Of course, the reader is able to put two and two together straight away, and work out that the courageous ‘French’ officer is Tristram Leith, but he is unaware of his identity for most of the book, his memory returning in fits and spurts, but not giving him a complete picture, or providing him with any clue as to his name or place of origin. He does work out that he’s English rather than French, and discovers he was a high-ranking officer (a Colonel) but his memory is like a jigsaw puzzle with lots of pieces missing. The first part of the story focuses on his recovery from his injuries, and the burgeoning romance between him and the lovely Rachel, but she is betrothed to the suave and powerful Claude Sangiunet, and when Tristram is sufficiently recovered, they part, he to journey to London, to Horse Guards to find out what he can about himself, she to her fiancé and wedding preparations.
Feather Castles gets off to a bit of a slow start and it took me a while to get into it, but once I did, I was pulled into the world the author has created. We’ve got an evil mastermind – who is scarily plausible and good at hiding in plain sight – plenty of adventure and long odds to be overcome, together with attractive leads and a group of secondary characters who are present as more than just sequel-bait; they have important parts to play within the story, and will, I suspect, crop up throughout the series. Tristram is a terrific hero, a military man whom the author actually shows being the sort of commanding, cool-under-fire presence his rank would suggest. Even when he doesn’t know who he is, his sterling qualities are obvious; he’s clearly a leader of men and Ms. Veryan shows those skills over and over again. We’re also introduced to the impulsive, brash Alan Devenish, a rather insubordinate young man who has obviously yet to come into his own, and whose impetuousness serves as a good contrast to Tristram’s calmer but no less determined approach.
Rachel is the sort of heroine who has perhaps gone out of fashion in recent years. She’s fairly passive in the first part of the story and doesn’t really start to question her actions or try to seek a way out until fairly late on in the book. Her family’s disgrace (her father had cheated at cards, which was a huge no-no at this time) means she and her siblings have been ostracised from society, and she saw an engagement to the wealthy, charming Claude as a way to make sure that her invalid sister Charity would be taken care of. She accepted Claude out of gratitude, and even though Sister Maria Evangeline makes it clear she believes Rachel is doing the wrong thing by agreeing to the match, Rachel refuses to consider an alternative; her focus is on Charity and Rachel is, to start with at least, wilfully blind to the signs that Claude isn’t the kindly altruist she believes him to be. But in this, she’s a woman of her time; so much of a woman’s ‘worth’ was bound up in family and reputation, and with no other way of keeping a roof over her head and paying for her sister’s treatment, Rachel took the only option open to her. Her situation certainly evokes sympathy, and I liked that she gradually came to admit to her mistake and to want to do something about it. On the downside however, the romance lacks a real spark; the absence of bedroom scenes isn’t an issue, but while I liked Tristram a lot, it wasn’t until near the very end that I started to believe Rachel was the woman for him.

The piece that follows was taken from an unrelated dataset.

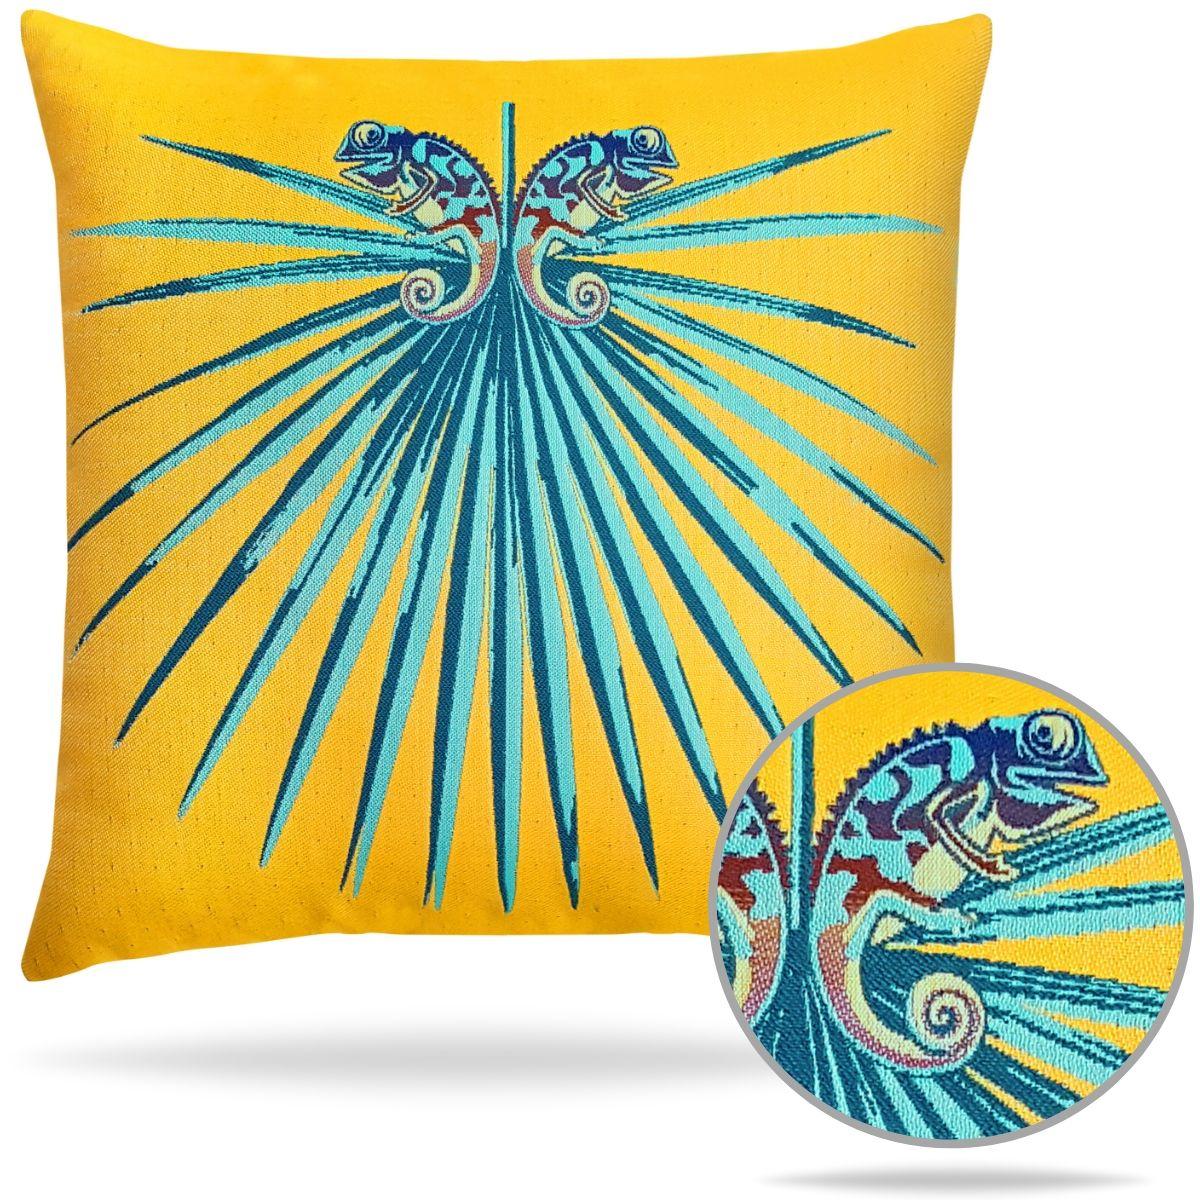 chameleon-elaine-smith pillow lagoon
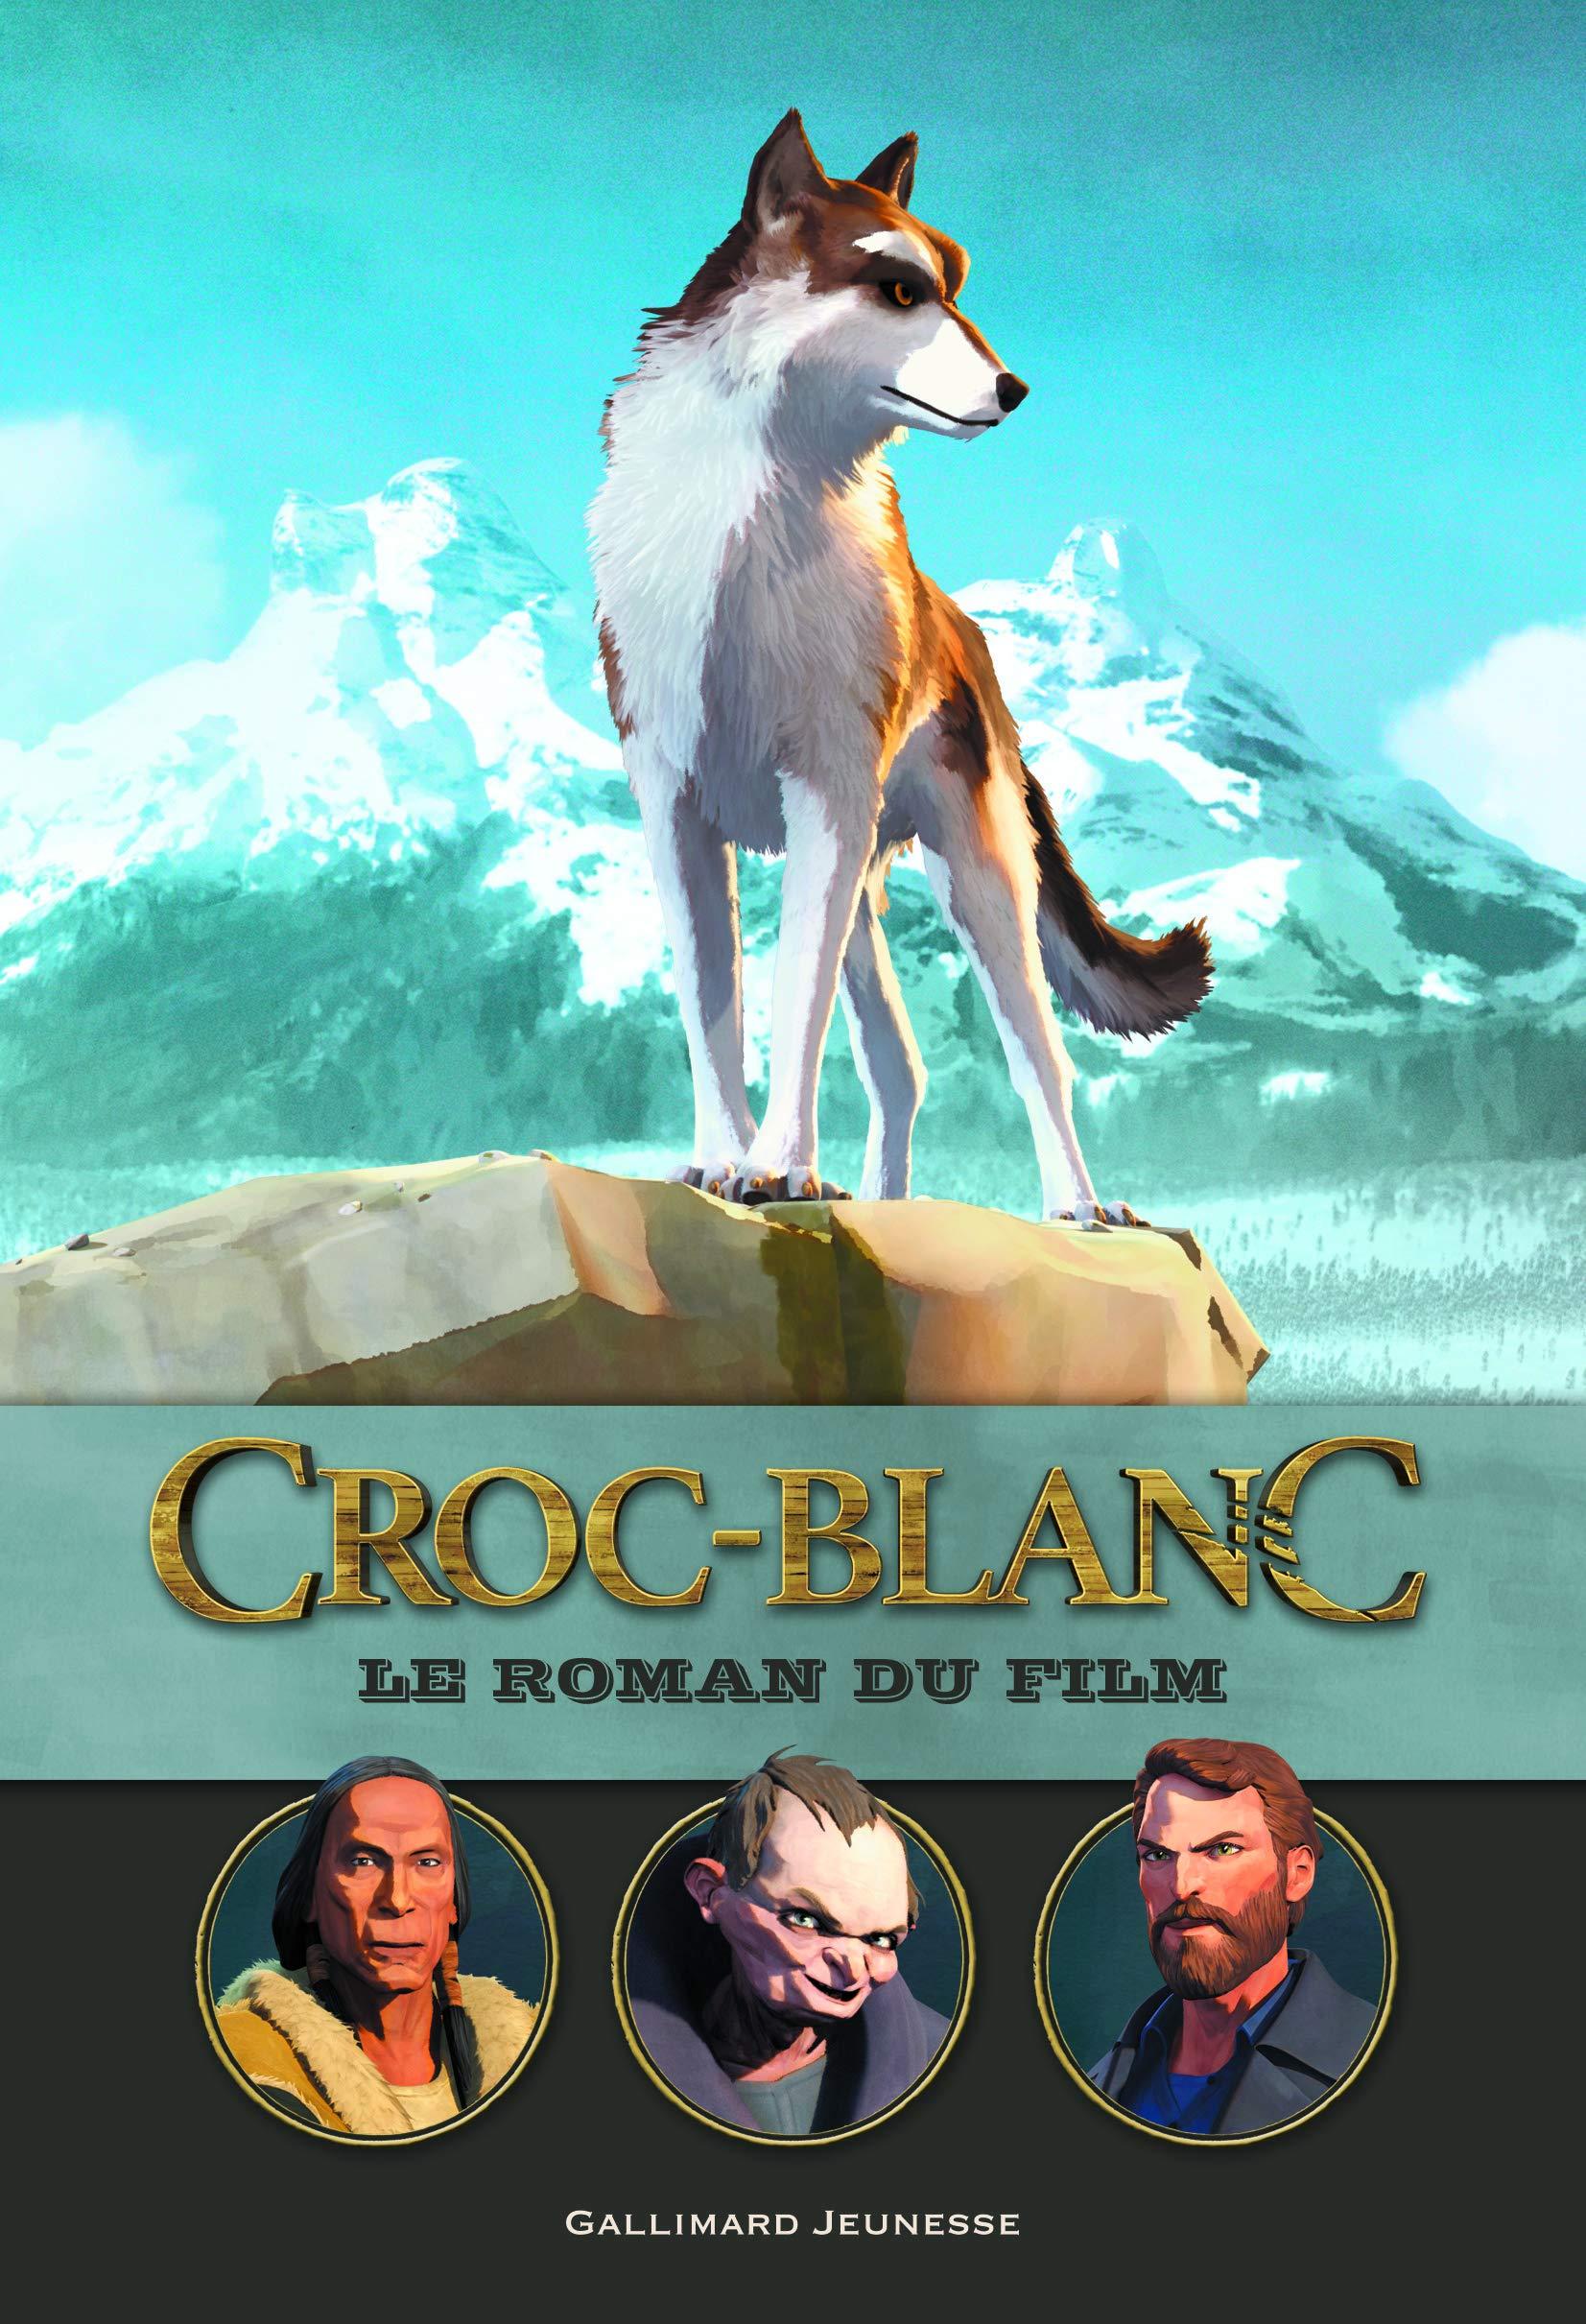 Livres Croc Blanc Le Collectif Du Film Roman qYFOwqp

Still, I think fans of traditional romances, or those looking for a Regency-era story full of intrigue, adventure and derring-do will enjoy Feather Castles. Patricia Veryan deserves to be more widely read; she’s frequently likened to Georgette Heyer, although I’m never sure that’s a completely apt comparison given Veryan wrote mostly romantic adventures as opposed to comedies of manners, but chances are if you like Heyer, you’ll like Veryan – and even if you don’t like Heyer, I suspect you could read it and be pleasantly surprised.